Lino Falzon

Personal information
- Date of birth: 9 April 1941
- Place of birth: Mosta, Malta
- Date of death: 3 October 2024 (aged 83)
- Position(s): Defender

Senior career*
- Years: Team / Apps / (Gls)
- ?–1962: Mosta Athletic
- 1962–1969: Sliema Wanderers
- 1969–?: Mosta

International career
- 1962–1966: Malta / 4 / (0)
- 1964: Malta XI / 1 / (0)

= Lino Falzon =

Maltese footballer (1941–2024)

Lino Falzon (9 April 1941 – 3 October 2024) was a Maltese footballer who played as a defender.

==Club career==
After starting his career at hometown club Mosta Athletic, Falzon made his debut for top-tier side Sliema Wanderers in January 1963. He played 91 games for them in all competitions and won league titles and domestic cups, before returning to Mosta after seven seasons.

==International career==
Falzon made his debut for Malta in a June 1962 European Championship qualification match away against Denmark, which also happened to be his county's competitive debut.

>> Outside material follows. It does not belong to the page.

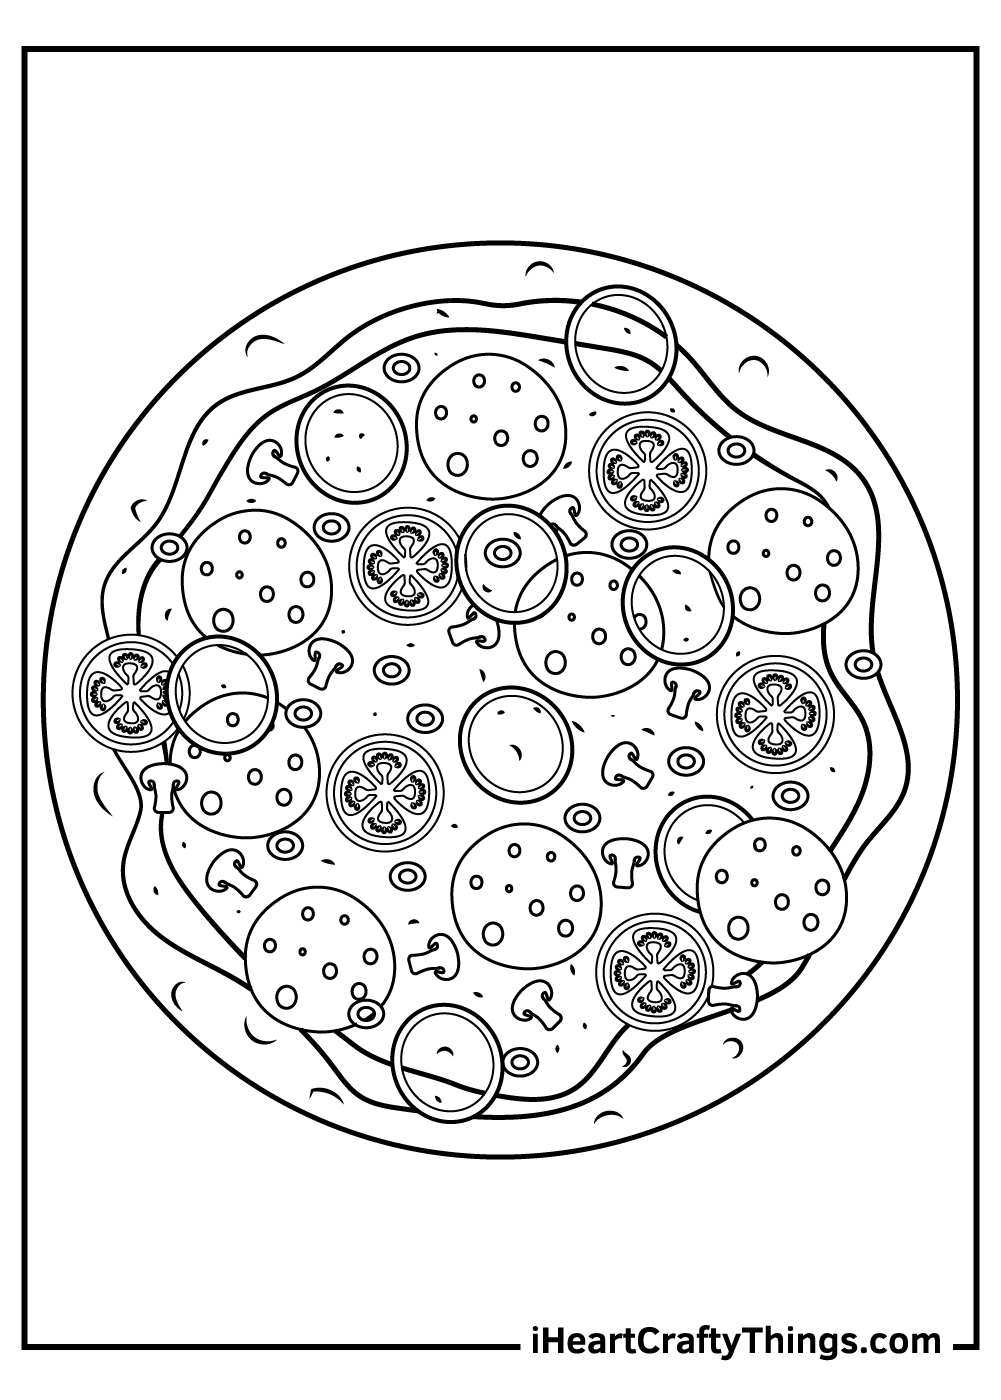 Pizza coloring pages updated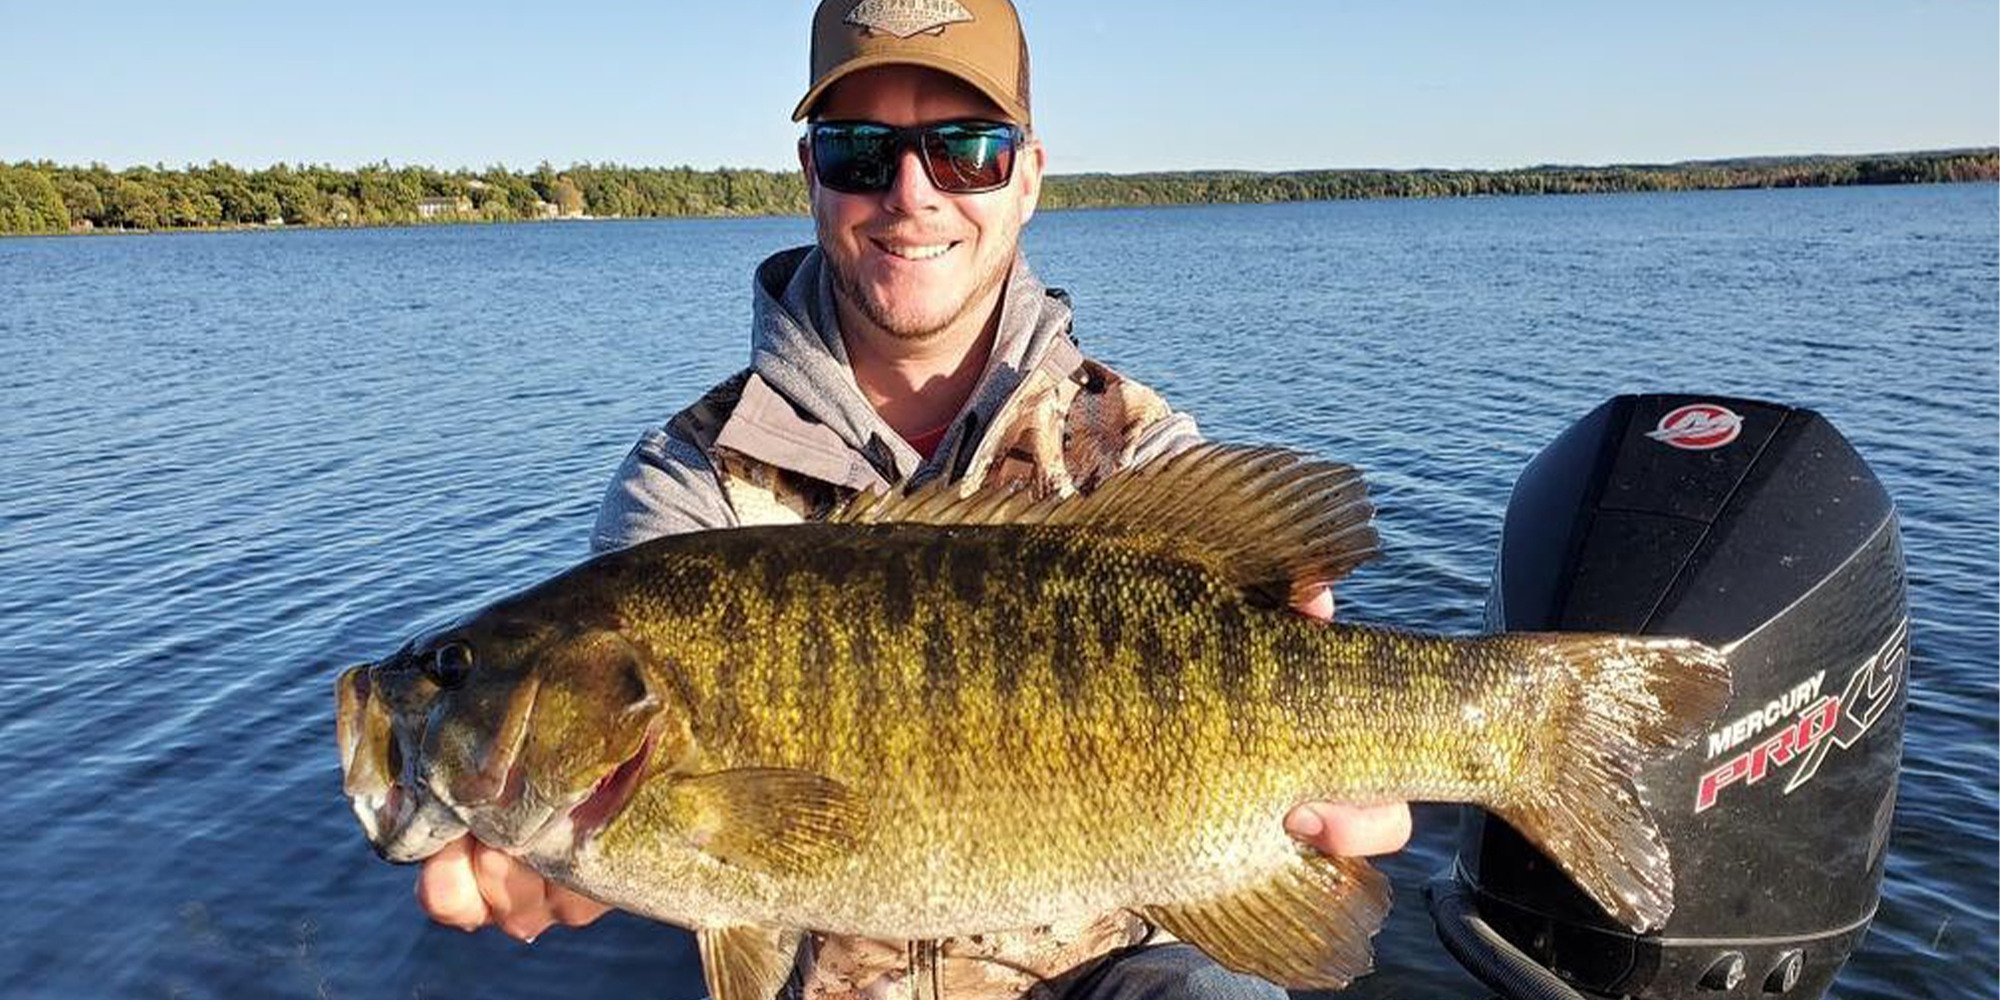 Top 5 Baits for Smallmouth and Largemouth Bass in Ontario

He earned a total of five caps (one unofficial). Falzon was a Mosta Athletic player in the second Division at his debut, becoming only the second player to represent his country while active in the second tier. His final international was a March 1966 friendly match away against Libya.

==Death==
Falzon died on 3 October 2024, at the age of 83.